Well if it pings it doesn't "want that much." "It might be" you have a slipped timing chain

There are certainly other causes of pinging......overheating, severe carbon build up, of course high compression, which is doubtful, and so on
 
Cooler plugs to start. might do the old brake fluid down the Carb to clean out the carbon. just get engine running slowly pour brake fluid down the carb while keeping the engine running at a fast idle. dont let engine die! It will smoke like heck so dont do it in a garage! It will clean the carbon out of the combustion chamber. IF it is a carbon build up problem. Small bottle should do it.
 

20* is a bit much IMO. Stock to mild performance engines will like something around 10-15.
 
It idled rougher and rougher as you move it from high 20s down to around 15* initial timing, where I thought it was going to die.
 
Throw the vacuum gauge away............

It doesn't matter what the gauge says ;if it pings she wants less.
Sometimes ping can be doctored away, and then timing added back in.
I like to start with a compression test.
 
I run premium in my lawnmower. Try a better gas and then retune.

Also, do a compression test.
 
I have blasted carbon by trickling water down the carb. That works also as long as you just trickle it and not pour. Carbon blaster chemicals are also sold. What port is the vacuum advance hooked to? Un plug it at the distributor and plug the hose with a screw or golf tee when checking timing. It should be connected to a port higher up on the carb just above the throttle plates for a stock engine.
 
Thanks for all the suggestions.
So what vacuum levels DO you have?

Is this 318 stock or modified? If modified, what mods/parts?
It is modified. Internals unknown, supposedly rebuilt.
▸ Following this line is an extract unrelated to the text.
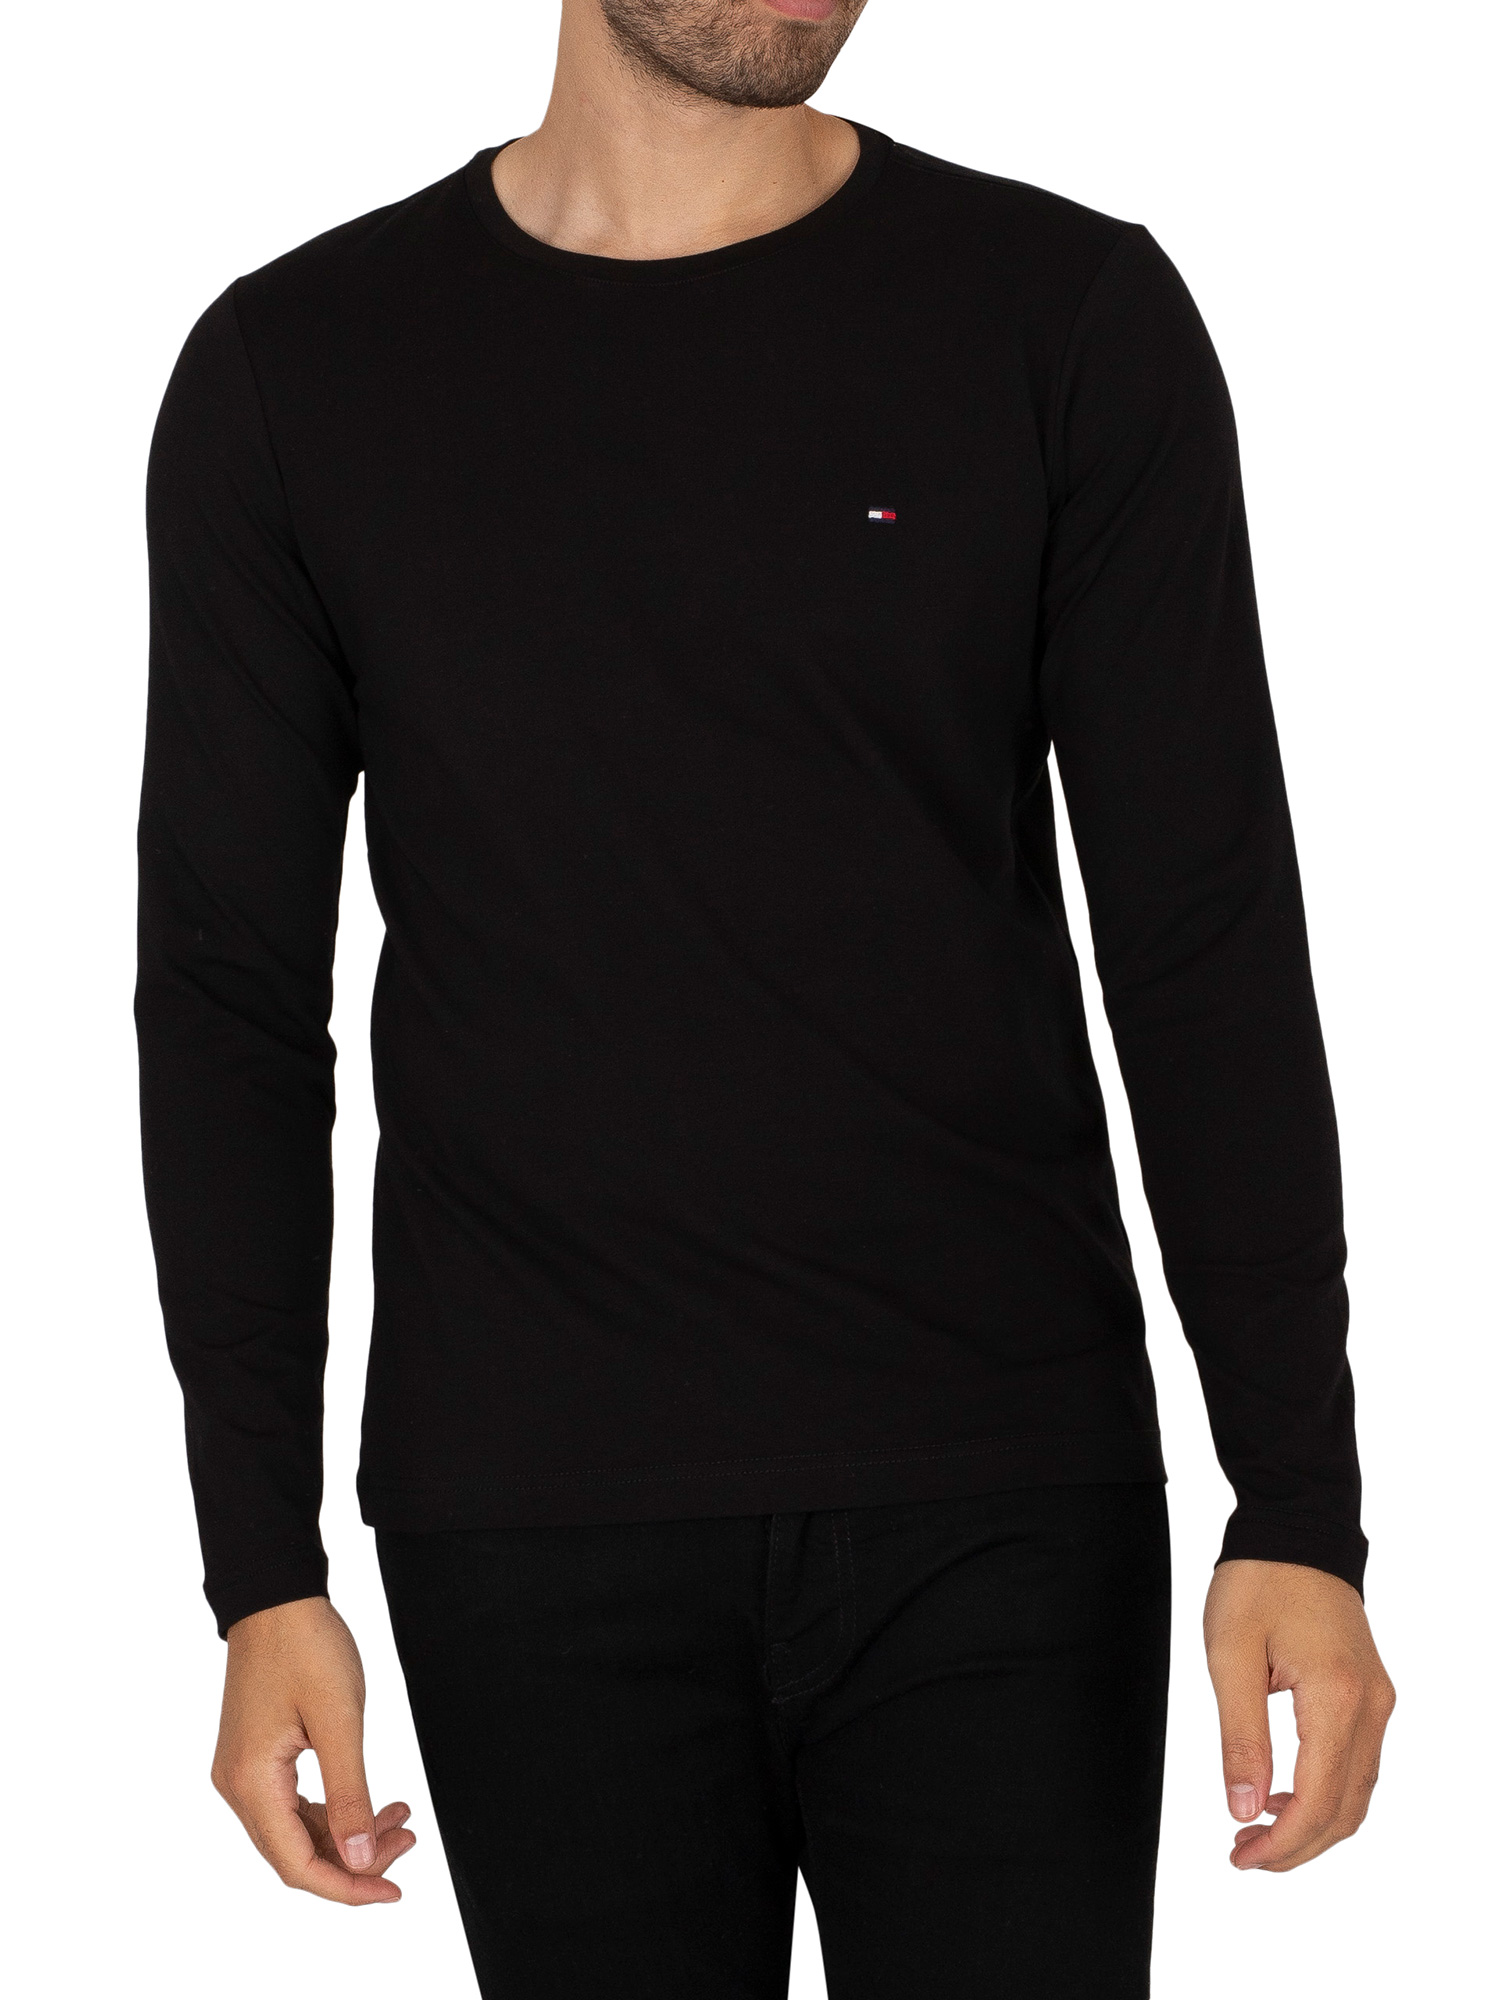 Stretch Slim Fit Longsleeved T-Shirt

It has 302 heads, 273 rockers, RPM intake, thermoquad 9800s, headers and dual exhaust. About 15" of Hg at idle
 
Date on block? If it's a late '84+ block it's quite likely that it came with the 9:1 pistons- don't think they like 87 as they were stock.
 
Get a couple of gallons of race gas in the tank and see what it does. 9-1+ is not going to like 87 octane.
I have run 87 on 10.7 for 15 years and 125,000 miles; with a Dcr of over 8.2. So I would hesitate to make a blanket statement.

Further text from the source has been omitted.